If you want to actually grow in this “AI Era,” you have to do the following:

  • The 50/50 Rule: Spend at least 50% of your time working without any AI assistance. Write the code manually. Read the documentation—the actual, boring, technical documentation—instead of asking for a summary.
  • Audit the Machine: Never, ever copy-paste a solution you couldn’t have explained to a five-year-old. If the AI gives you a complex regex or a recursive function, sit there and deconstruct it until you understand every single character. If you don’t, you aren’t “using” AI; it is using you to fulfill its output quota.
  • Seek the ‘Hard’ Paths: Purposefully take on projects that the AI is bad at. Work on novel architectures, edge-case debugging, or human-centric UX design. The more “standard” a task is, the more the AI will eat your growth. Find the weird, the “Edan,” and the complex.
  • Practice ‘Deep’ Literacy: Read books. Long ones. Physical ones. The kind that require an attention span longer than a TikTok video. Your ability to concentrate is the only thing that will separate you from the “Prompt Monkeys” of the future.

The Economic Lie of the AI Revolution

We must also look at the macro level. As Ed Zitron has argued, there might not even be a “real” AI revolution in the sense of a sustainable new industry. What we have is a massive capital injection into a technology that burns billions of dollars to save you ten minutes of typing. The “growth” promised to the economy is often just a redistribution of labor where the worker gets squeezed, the middle-man gets automated, and the value flows directly to the GPU providers.

If you base your entire career growth strategy on being an “AI Specialist,” you are betting on a house of cards. The “skills” of today—knowing how to phrase a prompt to get a specific image—are being automated by the next version of the software. It’s a race to the bottom where the “skill” disappears the moment it becomes popular. True growth is built on timeless principles: logic, empathy, communication, and deep technical understanding. These are the things AI cannot give you, and in many cases, the things AI actively discourages you from developing.

Conclusion: Reclaim Your Madness

To be “Wong Edan” is to be a bit “crazy” in the eyes of a boring, automated world. It is to insist on doing things the hard way because you know that the hard way is the only way to become a master. It is to refuse the digital pacifier that OpenAI and Google are shoving into your mouth.

AI can be a powerful tool, but it is not your friend, it is not your mentor, and it is certainly not your growth partner. It is a mirror that reflects the data of the past. If you want to grow, you have to look away from the mirror and into the unknown. You have to embrace the frustration, the bugs, the late nights, and the intellectual “struggle.”

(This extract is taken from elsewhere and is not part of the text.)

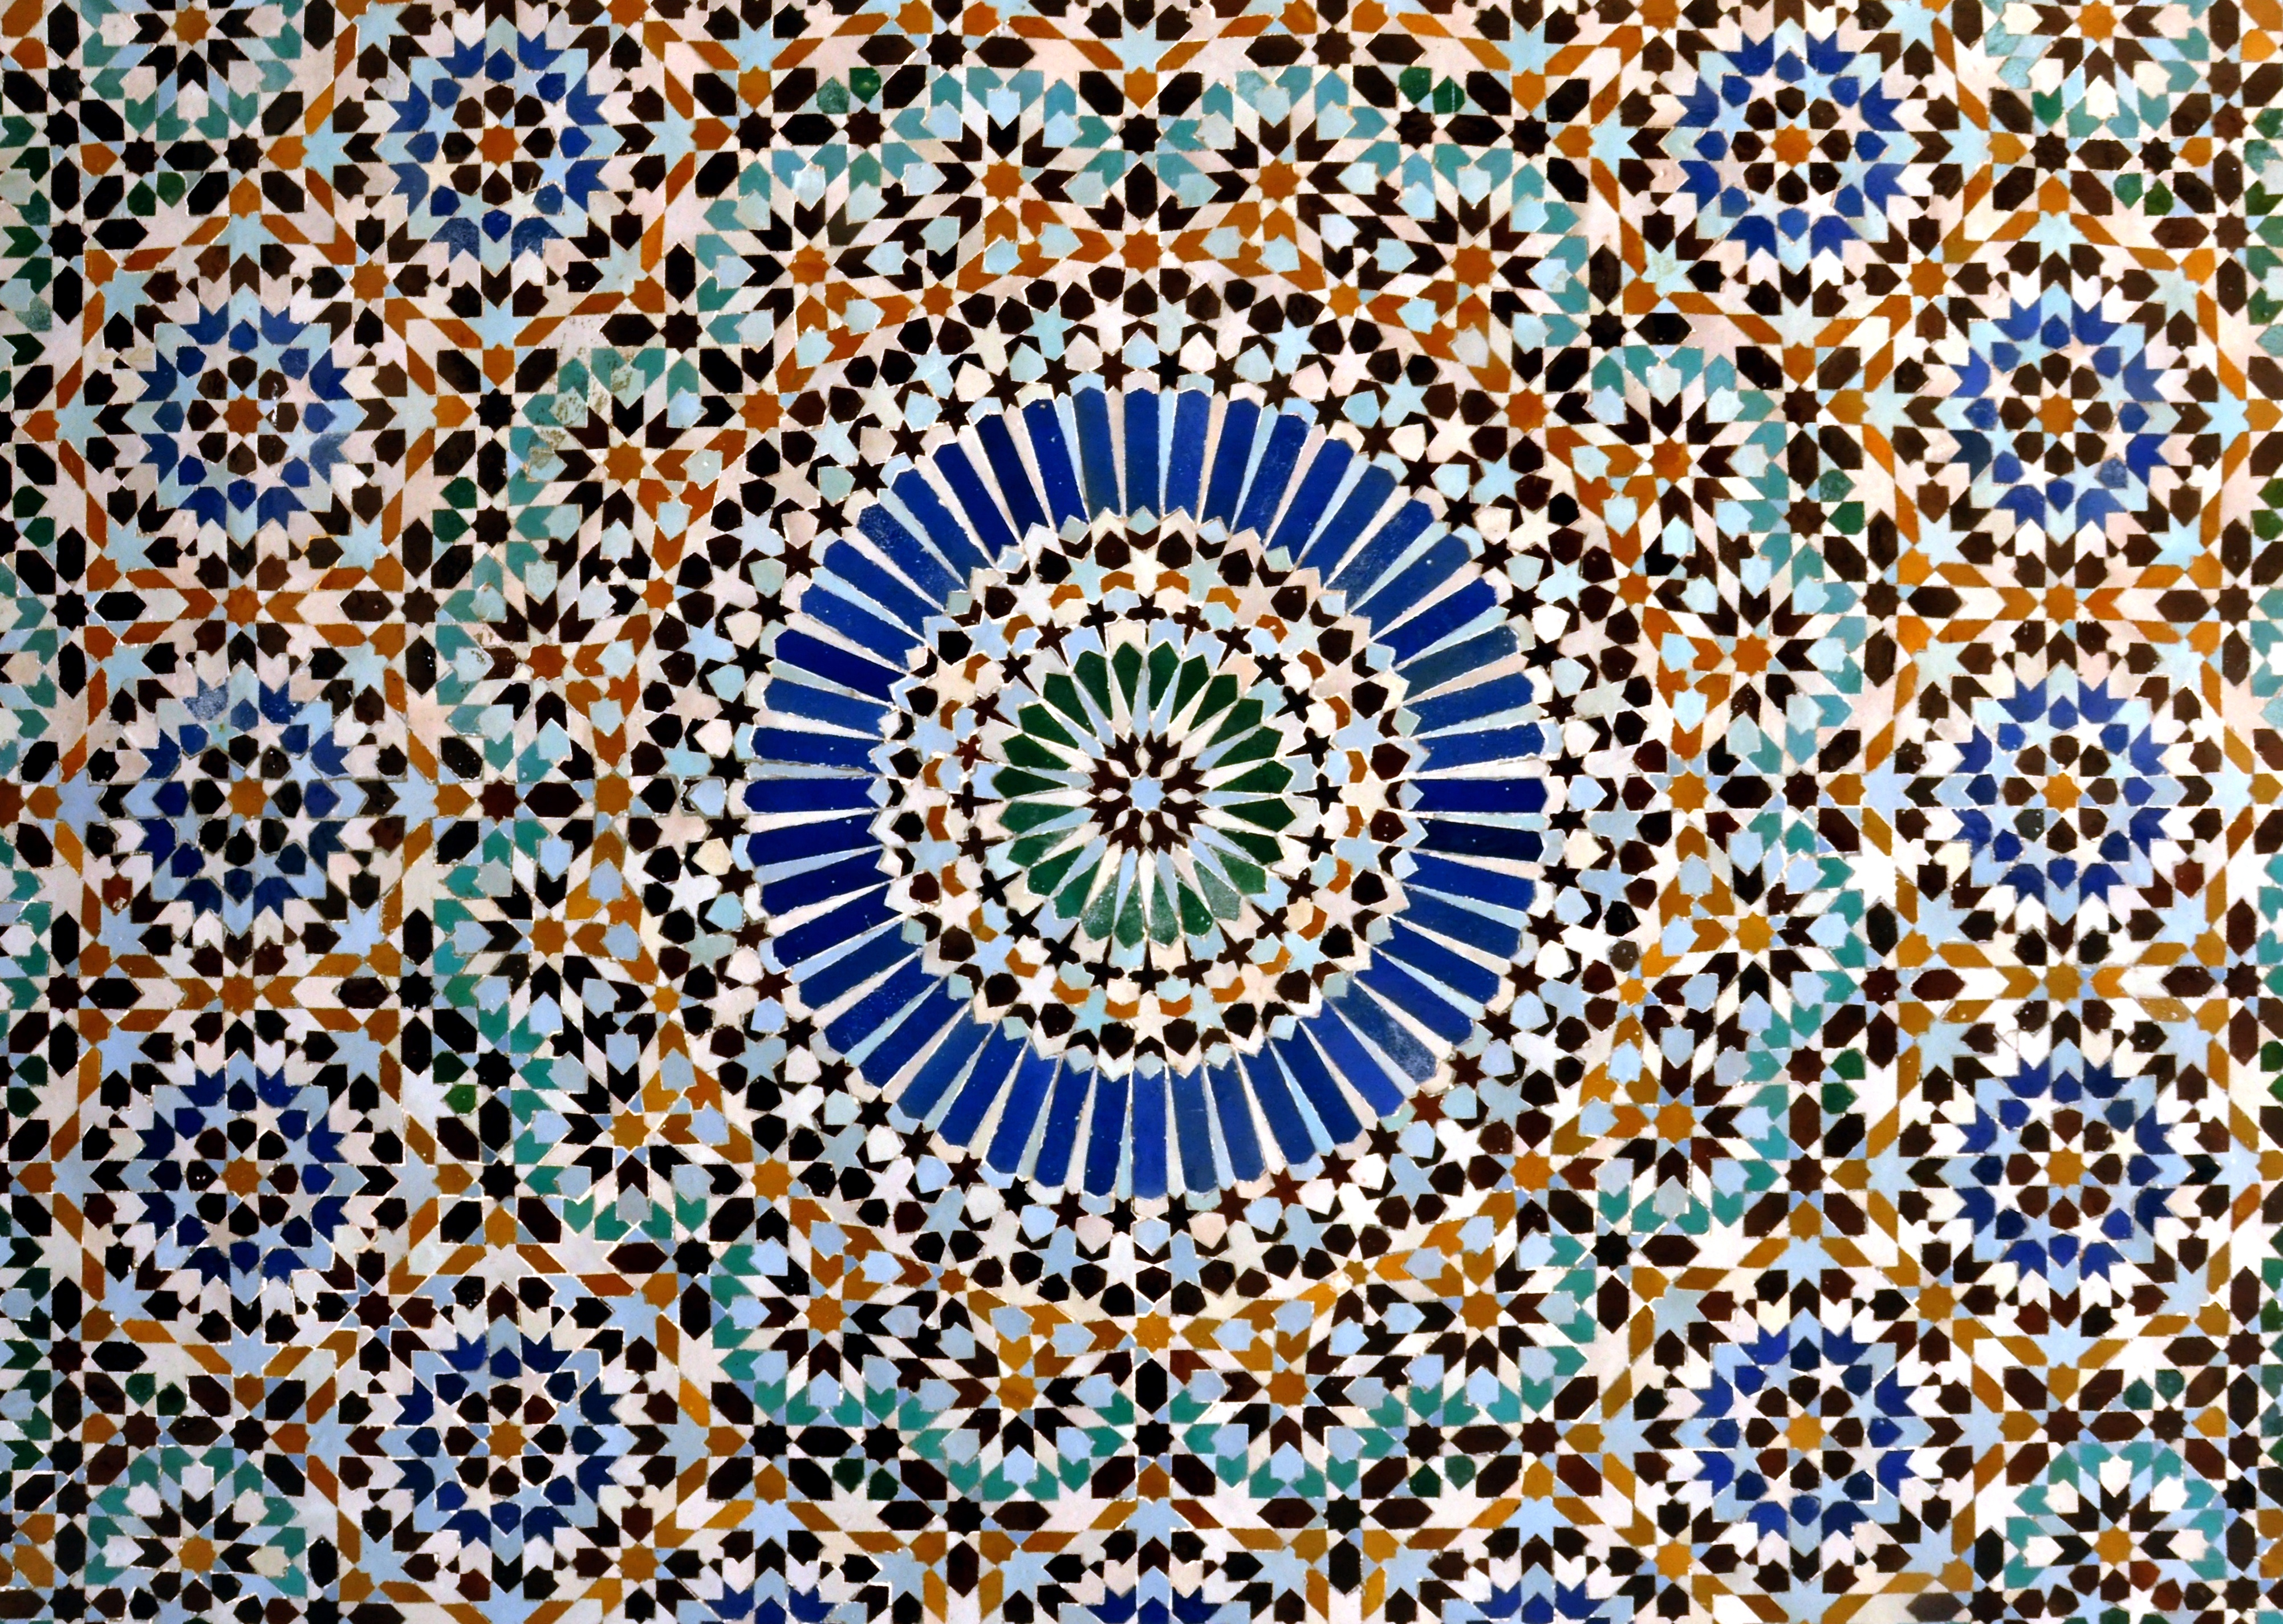 Http Commons Wikimedia Org Wiki File Mosaic Mosqu C3 A9e De Paris Jpg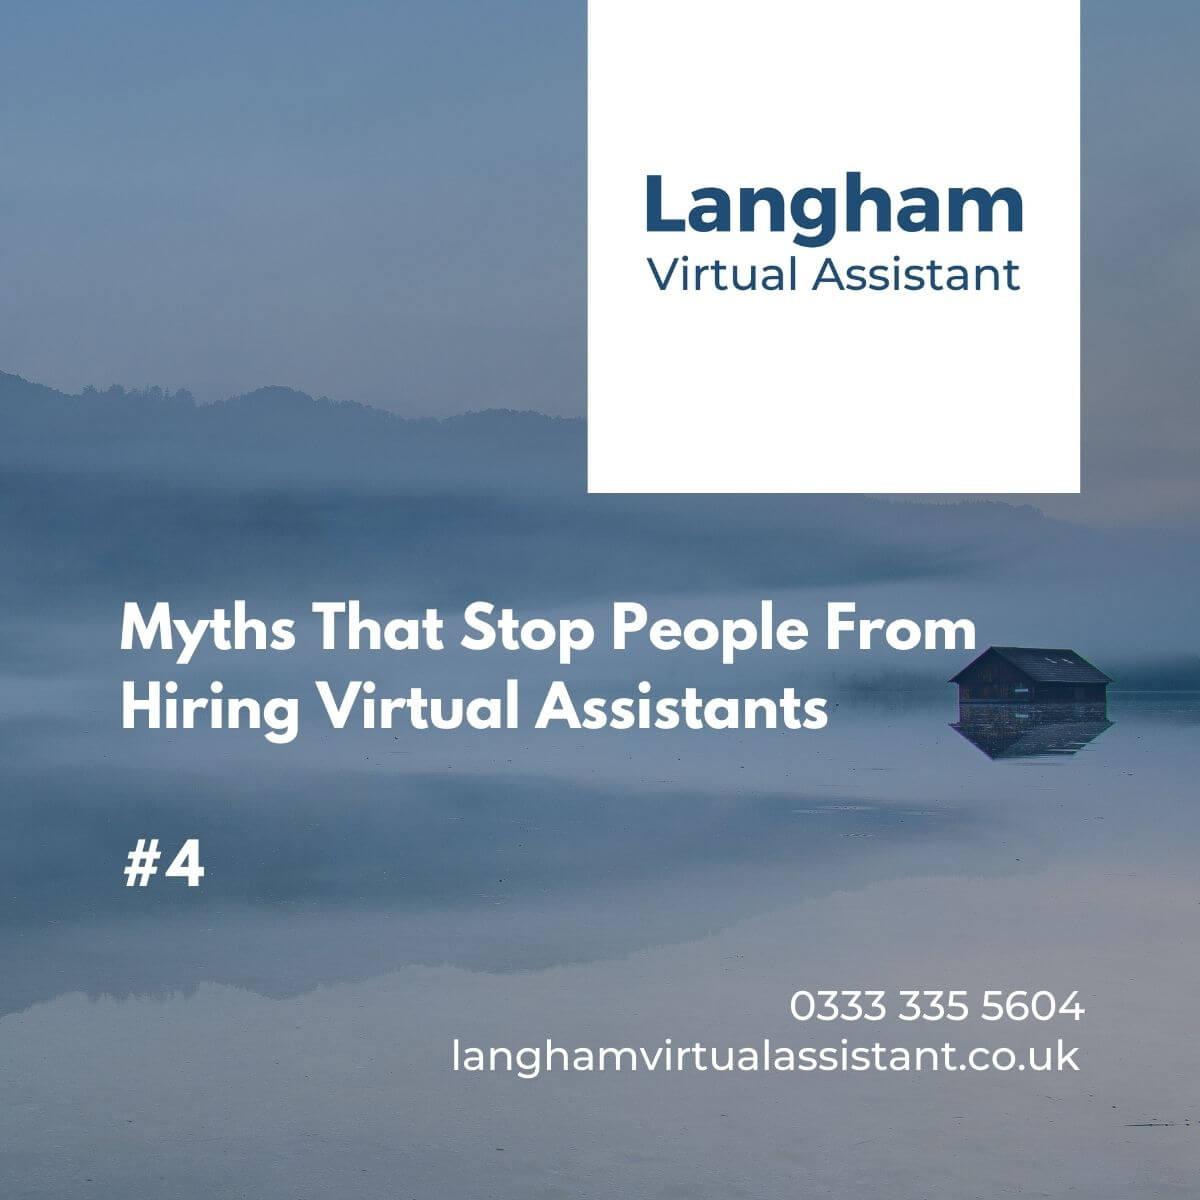 Hire a virtual assistant myth 4

Stop trying to be “productive” and start trying to be competent. Because when the bubble bursts—and history tells us it always does—the only people left standing will be the ones who actually know how the world works, not the ones who knew how to ask a machine to explain it to them.

Now, go turn off your Copilot for an hour and write some code that makes your head hurt. That’s the feeling of your brain growing. Don’t let the tapeworm take that away from you. Matur nuwun!